Schwäbische Zeitung (Biberach)
Eine dunkle Wolke
Hamiltons Beziehung zu Computern kühlt weiter ab
MELBOURNE (SID) - Lewis Hamilton war schnell in den Freizeitlook gewechselt, doch der Verlust des sicher geglaubten Sieges in Melbourne hing ihm noch lange in den Kleidern. „Es ist nie leicht, einen Grand Prix zu verlieren. Es fühlt sich wie eine dunkle Wolke an“, sagte der Formel-1-Weltmeister, als er sich am Sonntagabend in auffälliger blauer Jogginghose ein letztes Mal in Australien zu seiner Niederlage äußerte. Besonders ein Gefühl ließ Hamilton nicht los: dass der Sieg Sebastian Vettels trotz aller Umstände zu verhindern gewesen wäre – wenn man ihn nur gelassen hätte. „Ich habe nichts falsch gemacht. Ich hielt mich an die Zeitvorgaben. Hätte ich gewusst, dass er in einem gefährlichen Fenster ist, wäre ich in der Lage gewesen, einen Unterschied zu machen“, sagte der Mercedes-Star nach Platz zwei zum Saisonauftakt.
Letztlich hatte den viermaligen Champion nämlich nicht nur eine Safety-Car-Phase um den dritten Australien-Sieg nach 2008 und 2015 gebracht, sondern vielmehr eine Fehlkalkulation der Mercedes-Software. Die stufte Hamiltons Vorsprung für sämtliche Szenarien als ausreichend ein, der Engländer fuhr deswegen in den Runden vor dem Wendepunkt nicht so schnell, wie er gekonnt hätte.

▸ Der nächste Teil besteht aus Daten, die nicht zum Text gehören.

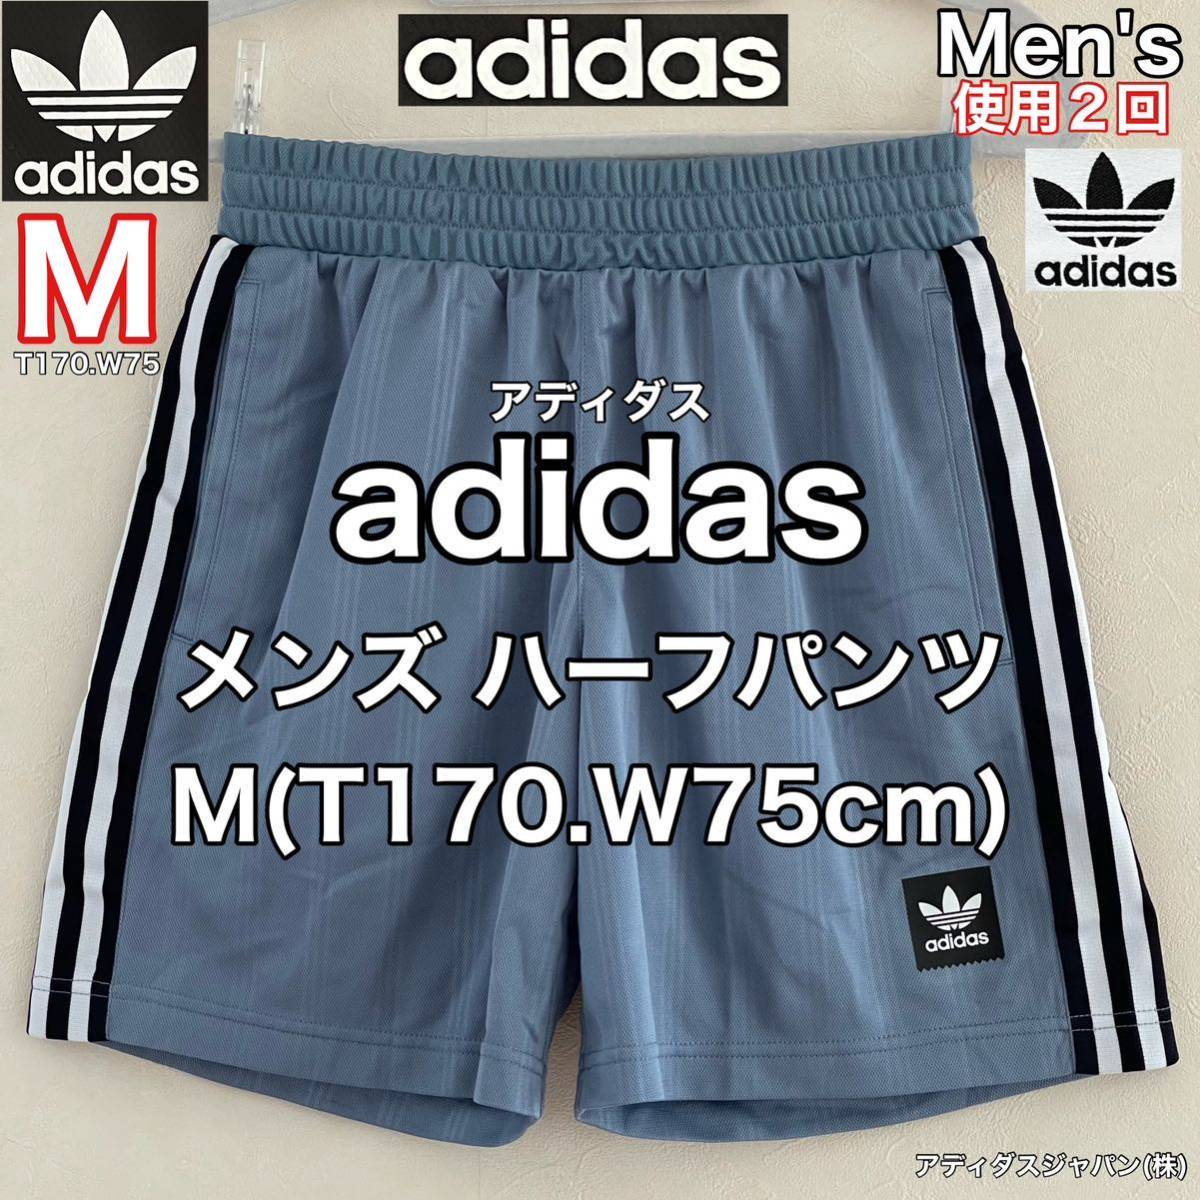 超美品 adidas(アディダス)メンズ ハーフ パンツ M(T170.W75cm)ブルー 使用2回 インナーメッシュ ゴルフ サッカー スポーツ ズボン

„Laut unserem Computer wären wir mit 15 Sekunden Abstand noch sicher gewesen, und Sebastian lag nur 12 Sekunden vor uns. Wir dachten also, das ist okay, aber wir sind dann hinter ihm gelandet“, erklärte MercedesMotorsportchef Toto Wolff angefressen. „Das war ein Schlag ins Gesicht. Alle sagten, wir würden gleich davonziehen. Das ist nicht der Fall. An der Spitze geht es sehr eng zu. Das ist auch die Message, die alle hören sollten.“
Unabhängig vom Computer, der ohnehin nicht der beste Freund Hamiltons ist („Ich würde lieber mehr nach Instinkt fahren“), hatten die erfolgsverwöhnten Stuttgarter dem eigentlich schwächeren Widersacher Ferrari bereits vor dem Rennstart eine Flanke geöffnet: Mit Blick auf die Taktik war es aus Mercedes-Sicht eine Katastrophe, dass Valtteri Bottas im zweiten Silberpfeil nach seinem Abflug im Qualifying von Platz 15 ins Rennen gehen musste und kaum nach vorne kam. Von Hamilton gab es dazu kein böses Wort. „Valtteri wird hart arbeiten und bald wieder vorne mitkämpfen“, erklärte der Engländer in versöhnlichem Ton.
Bei Ferrari wurde allen voran Vettel nicht müde, auf die Überlegenheit von Mercedes und Hamilton zu verweisen. „Wir hatten Glück mit dem Safety Car“, räumte der Heppenheimer ein: „Wir sind noch nicht ganz da, wo wir sein wollen. Lewis war der schnellste Mann da draußen. Noch sind wir nicht auf dem Level von Mercedes. Daran müssen wir arbeiten.“25 Punkte für seinen 48. GrandPrix-Sieg machen die Aufgabe für Vettel und Ferrari allerdings deutlich angenehmer.